**What to work on**
Reproduce the data exactly and drop any pictures it holds.

**Data below**
[Start of section]

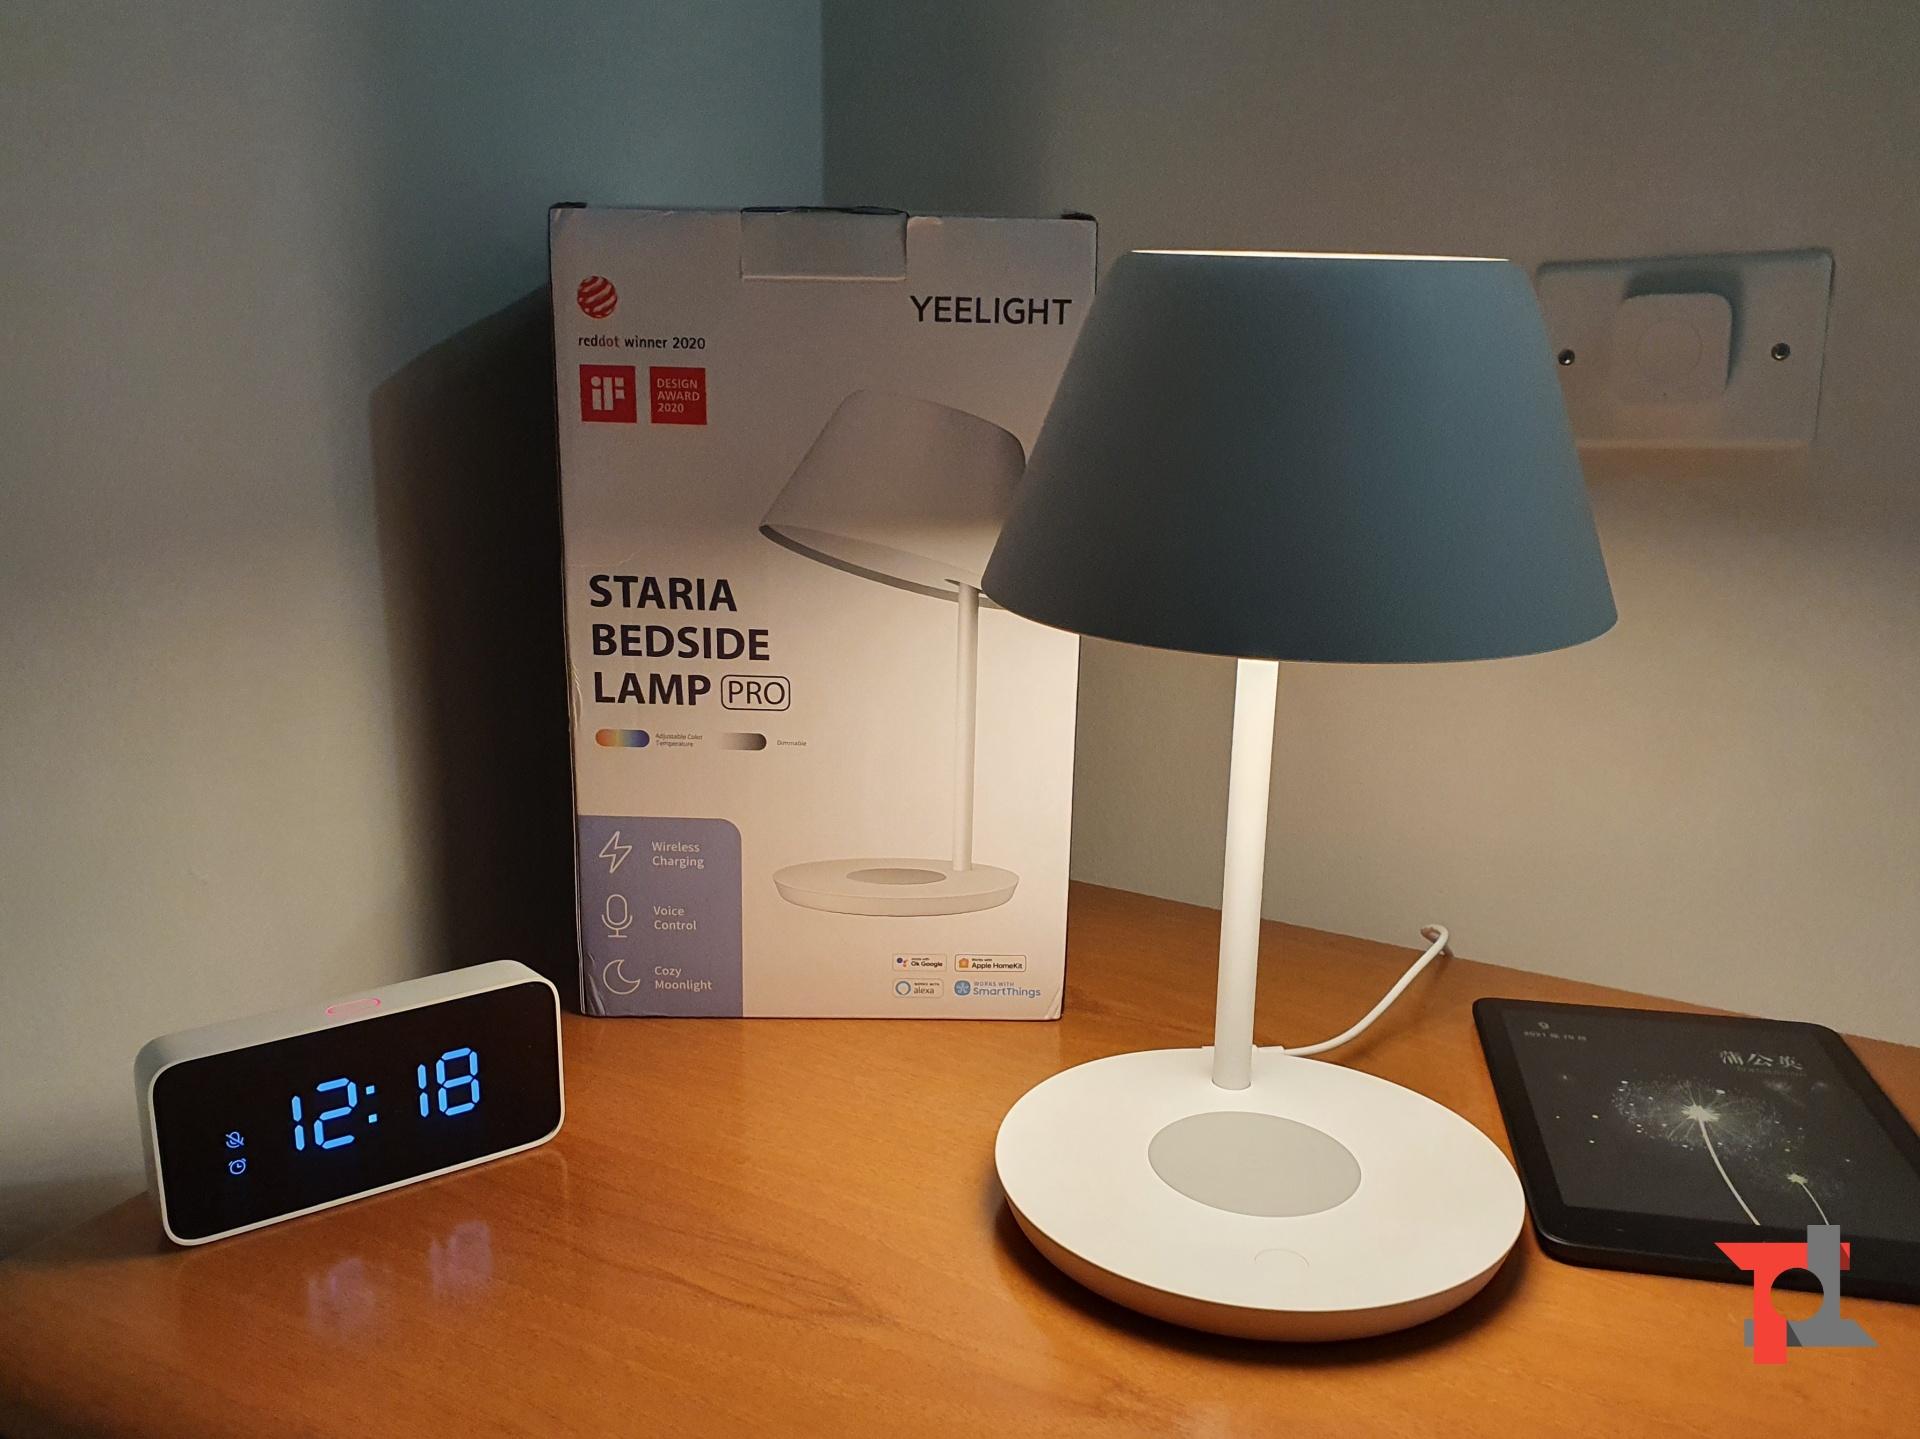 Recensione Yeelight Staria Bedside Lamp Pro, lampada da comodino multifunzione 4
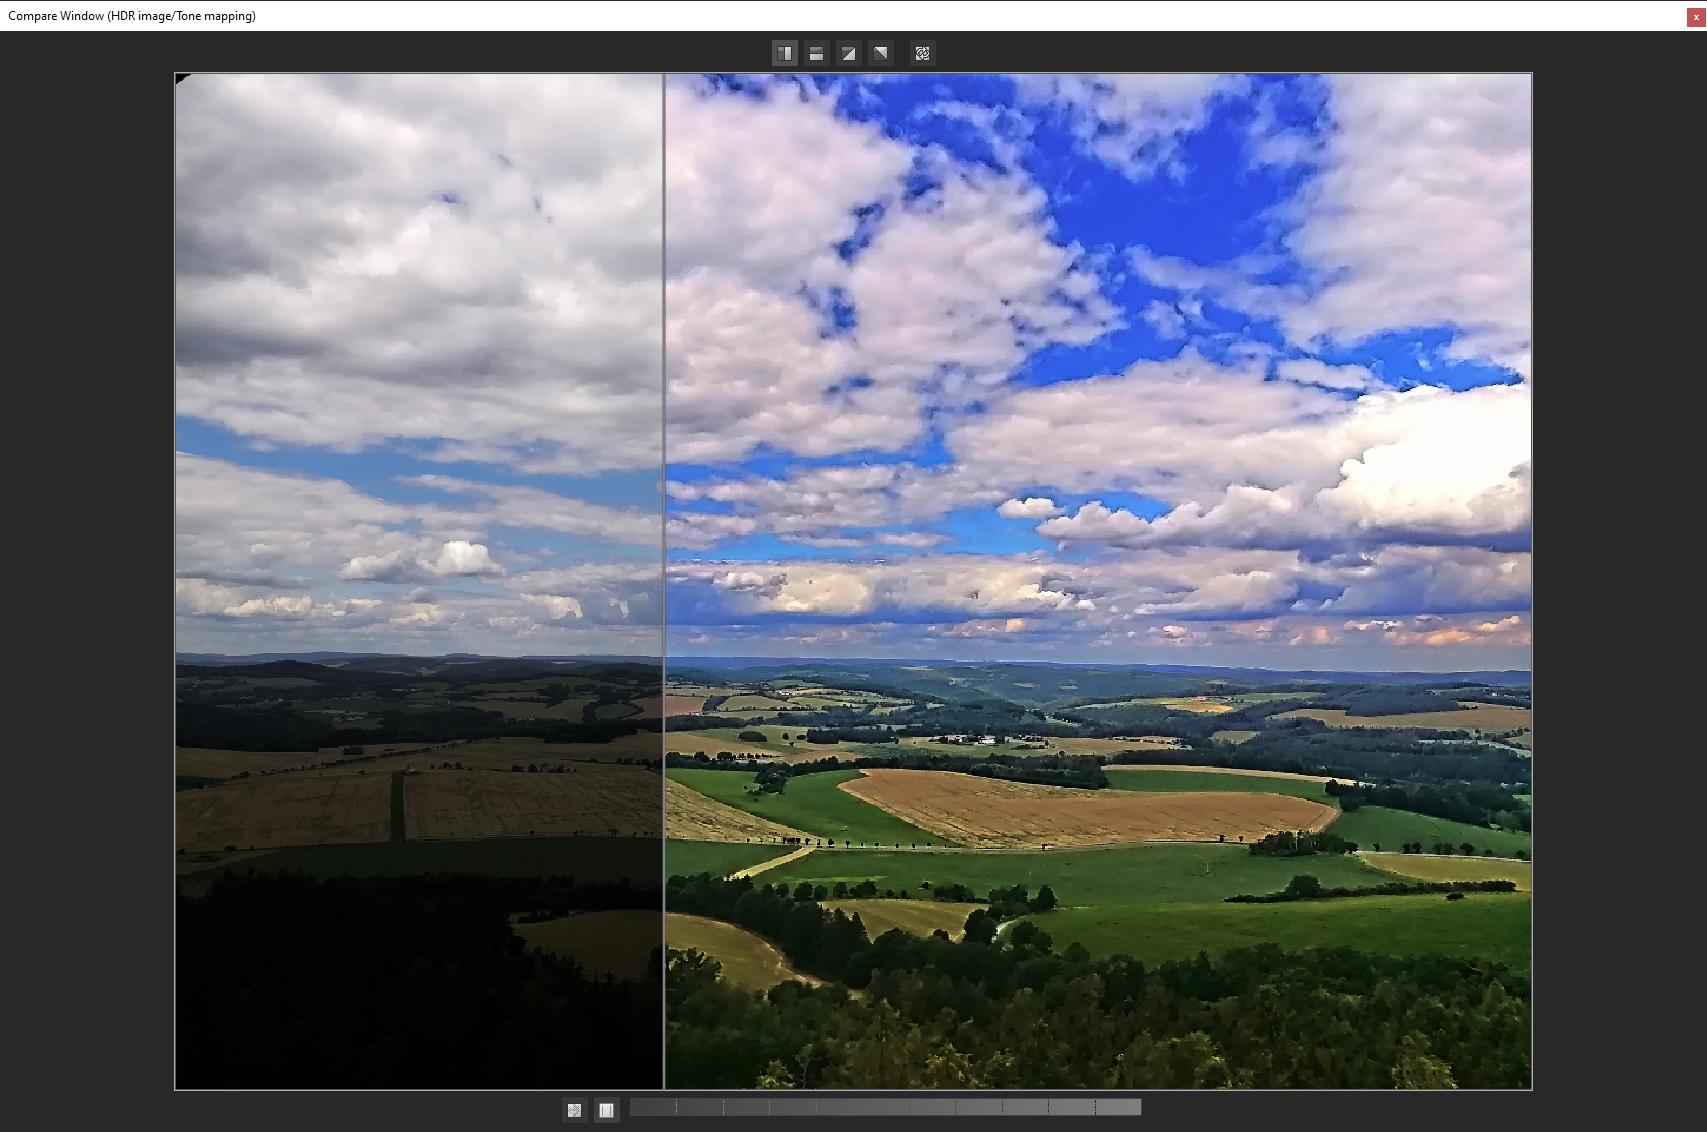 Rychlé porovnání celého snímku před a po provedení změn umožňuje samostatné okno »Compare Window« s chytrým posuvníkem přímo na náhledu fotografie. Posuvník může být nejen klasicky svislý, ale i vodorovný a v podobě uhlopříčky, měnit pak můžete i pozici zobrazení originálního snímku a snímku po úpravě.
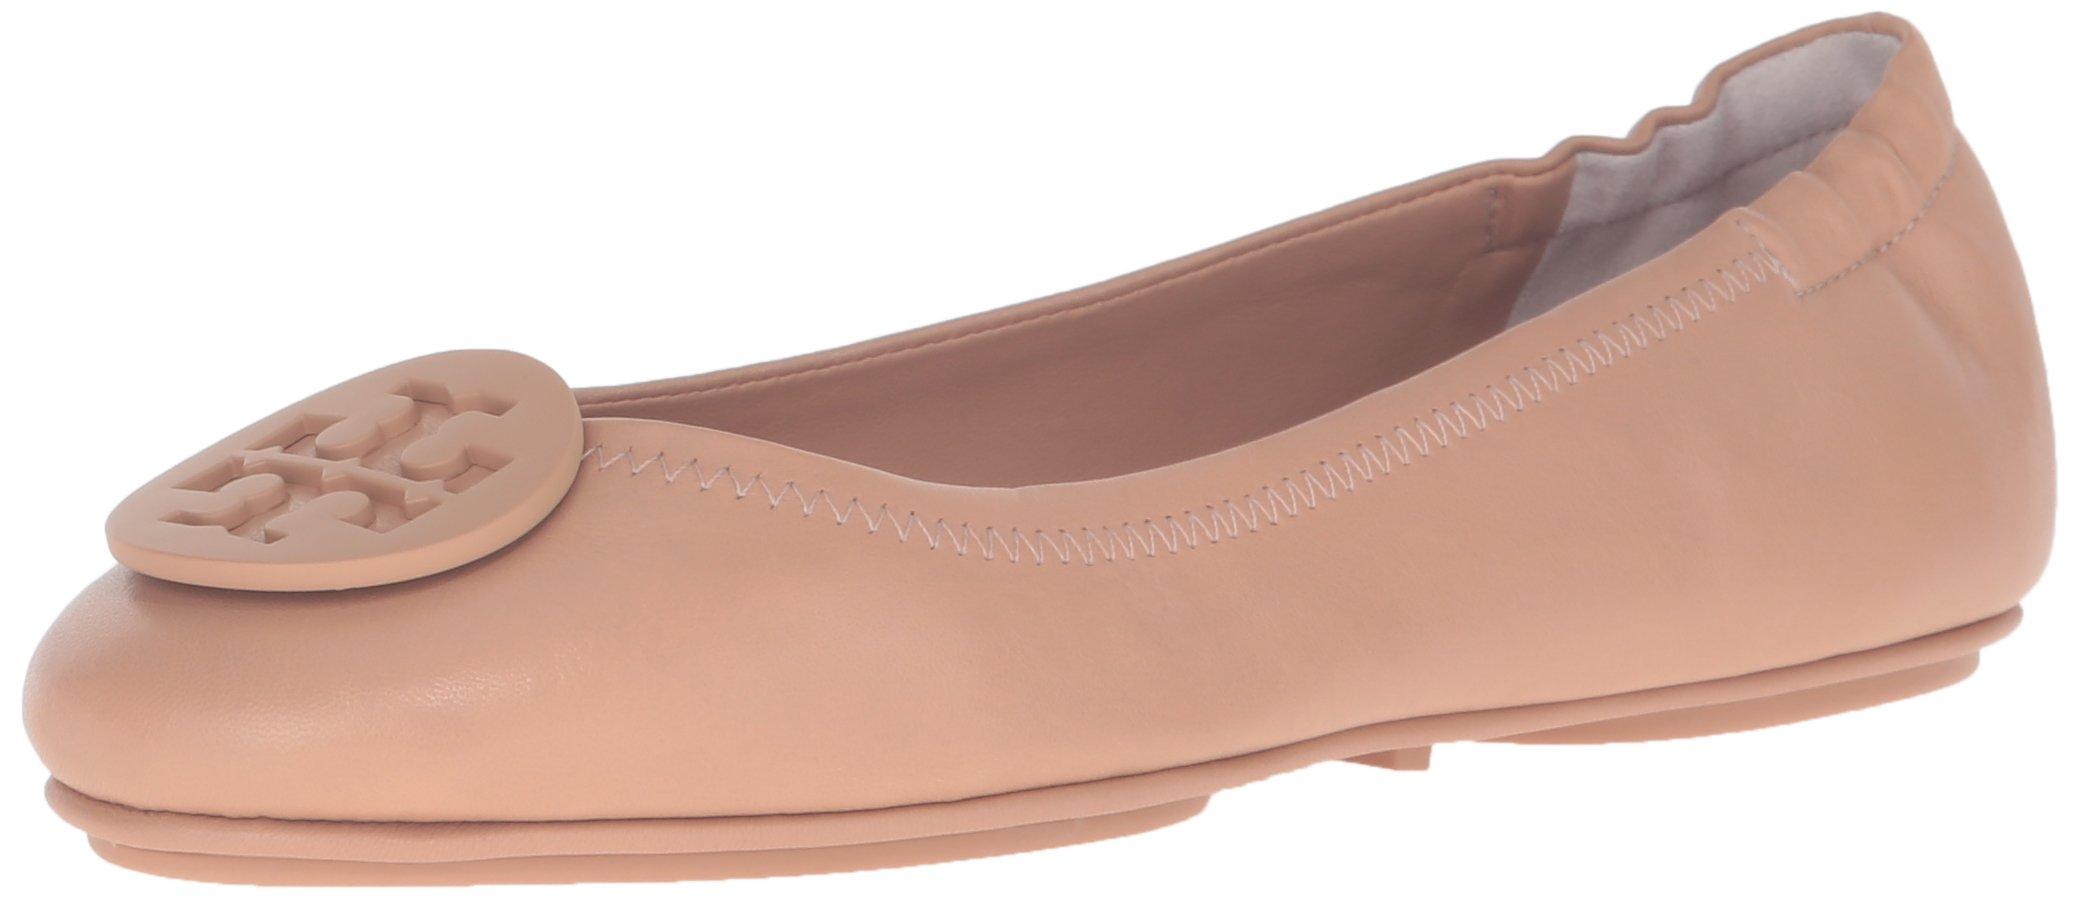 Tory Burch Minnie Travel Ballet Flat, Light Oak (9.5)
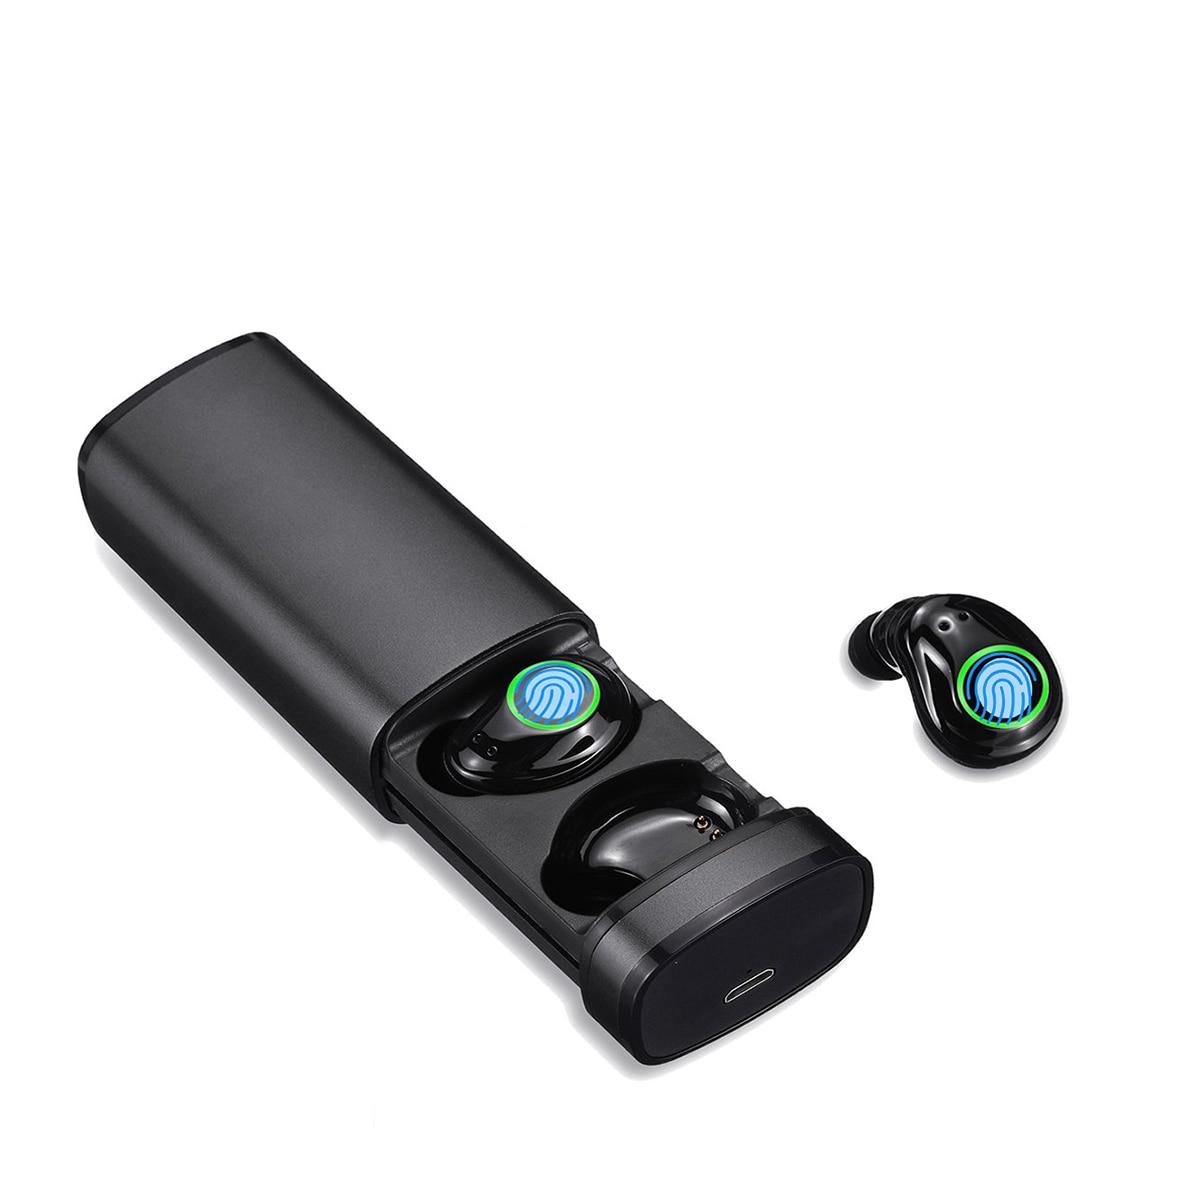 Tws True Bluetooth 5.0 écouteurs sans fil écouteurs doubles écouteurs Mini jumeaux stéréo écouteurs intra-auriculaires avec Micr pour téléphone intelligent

[End of section]

**Exercise solution**
 Recensione Yeelight Staria Bedside Lamp Pro, lampada da comodino multifunzione 4
 Rychlé porovnání celého snímku před a po provedení změn umožňuje samostatné okno »Compare Window« s chytrým posuvníkem přímo na náhledu fotografie. Posuvník může být nejen klasicky svislý, ale i vodorovný a v podobě uhlopříčky, měnit pak můžete i pozici zobrazení originálního snímku a snímku po úpravě.
 Tory Burch Minnie Travel Ballet Flat, Light Oak (9.5)
 Tws True Bluetooth 5.0 écouteurs sans fil écouteurs doubles écouteurs Mini jumeaux stéréo écouteurs intra-auriculaires avec Micr pour téléphone intelligent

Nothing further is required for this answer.